使用dplyr的拉力将列作为向量,这给了我一个无法平整的命名字符向量。如果我使用unlist或reduce,它们将返回完全相同的内容。

# drop zeroes 
lipids_tgtg_vec <- filter(lipids_tgtg, Count > 0) %>% select(geneID) %>%  pull()
 [1] "Nucb2,Apod,Acox2,Acaa1b,Dgat2,Pex2,Gcdh,Ivd,Acat2,Eci3,Appl2,Cyp4v3,Hao2,Ppara,Hacl1,Plin5"                                                                                                                                                                                                                                                                                                                                                                                                                                                                                                                                                                                                                                                                                                                                                                                                                                                                                                                                                   
 [2] "Trib3,Snai1,Apod,Ormdl2,Pibf1,Dgat2,Pde3b,Brca1,Malrd1,Appl2,Pde8b,Sik1,Pik3ip1,Dkkl1,Plin5,Snai2"                                                                                                                                                                                                                                                                                                                                                                                                                                                                                                                                                                                                                                                                                                                                                                                                                                                                                                                                            
 [3] "Nucb2,Rab38,Fdps,Abcg1,Dgat2,Scd1,Stard4,Sec14l2,Ccdc3,Aadac,Scarb1,Vav2,Pnpla2,Ppara,Nod2,Tgfb1,Plin5,Nr1d1,Igf2,Dab2"                                                                                                                                                                                                                                                                                                                                                                                                                                                                                                                                                                                                                                                                                                                                                                                                                                                                                                                       

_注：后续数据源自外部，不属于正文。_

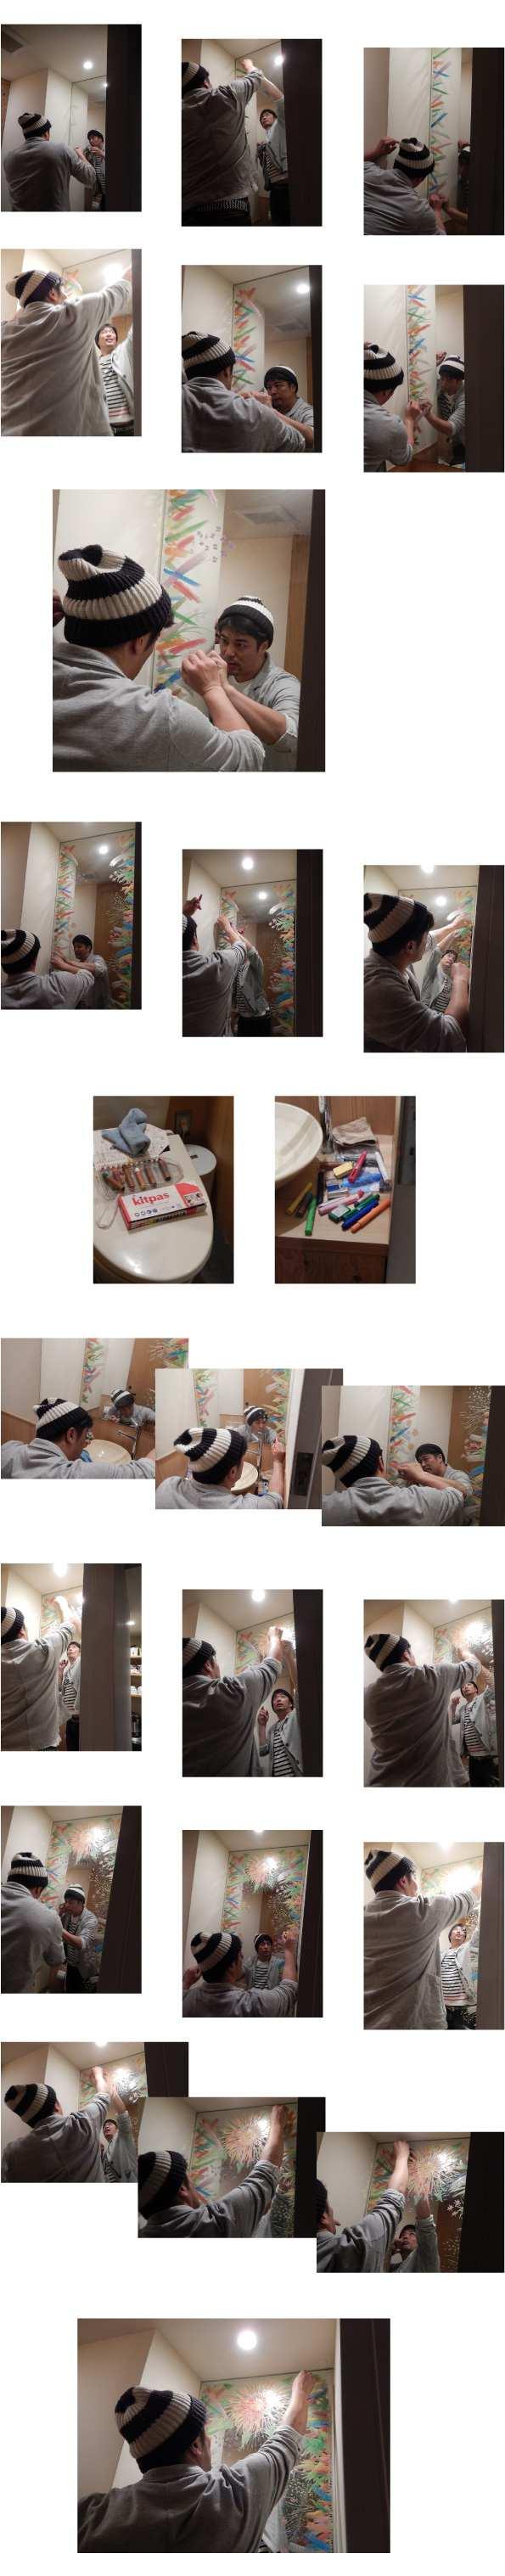 めぐたまキットパスミラーギャラリーVol.15 浅葉 弾さんの「ギュンギュン」(2017年3月6日〜)

 [4] "Trib3,Nucb2,Slc27a3,Rab38,Sel1l,Apod,Far1,Isyna1,Mvd,Ormdl2,Lipa,Pla2g5,Ptges,Pibf1,Fdps,Akr1b3,Lmf1,Chka,Gstm7,Abcg1,Snca,Cers3,Pdk3,Acox2,Acaa1b,Scd2,Piga,Alg12,Dgat2,Nus1,Scd1,Stard4,Eif2ak3,Fasn,Cat,Hmgcs1,Fads1,Fdft1,Ankrd26,Sacm1l,Erg28,Pi4k2a,Plpp6,Alg8,Sptssa,Pgp,Pex2,Mtmr4,Alg6,Agpat3,Gcdh,Brca1,Ivd,Crls1,Acat2,Dpagt1,Il6st,Aadac,Prkab2,Cers5,Akr1b8,Dhrs3,Gpd1,Eci3,Scarb1,Dgkh,Hmgcs2,Appl2,Vav2,Cyp2s1,Akr1c14,Pnpla2,Cyp4v3,Bco2,Pm20d1,Hao2,Plcg2,Plcb1,Ppara,Cyp3a13,Cyp2d26,Nod2,Hacd4,Gm2a,Sptssb,Edn2,Hacl1,Cyp2c65,Ang,Aldh1a1,Cyp2d22,Pck1,Smpdl3a,St3gal4,B3galt2,Ptgs1,Hpgd,Prdx6,Sik1,Agmo,Ces1d,Pik3r5,Rbp2,Tmem86a,Itgb8,Lrat,Cyp2d12,Pik3ip1,Tgfb1,Plin5,Lpl,Cyp2c66,Apoc1,Ces1f,Cwh43,Tbxas1,Ces1g,Acsm2"                                                                                                                                                                                                                                                                                               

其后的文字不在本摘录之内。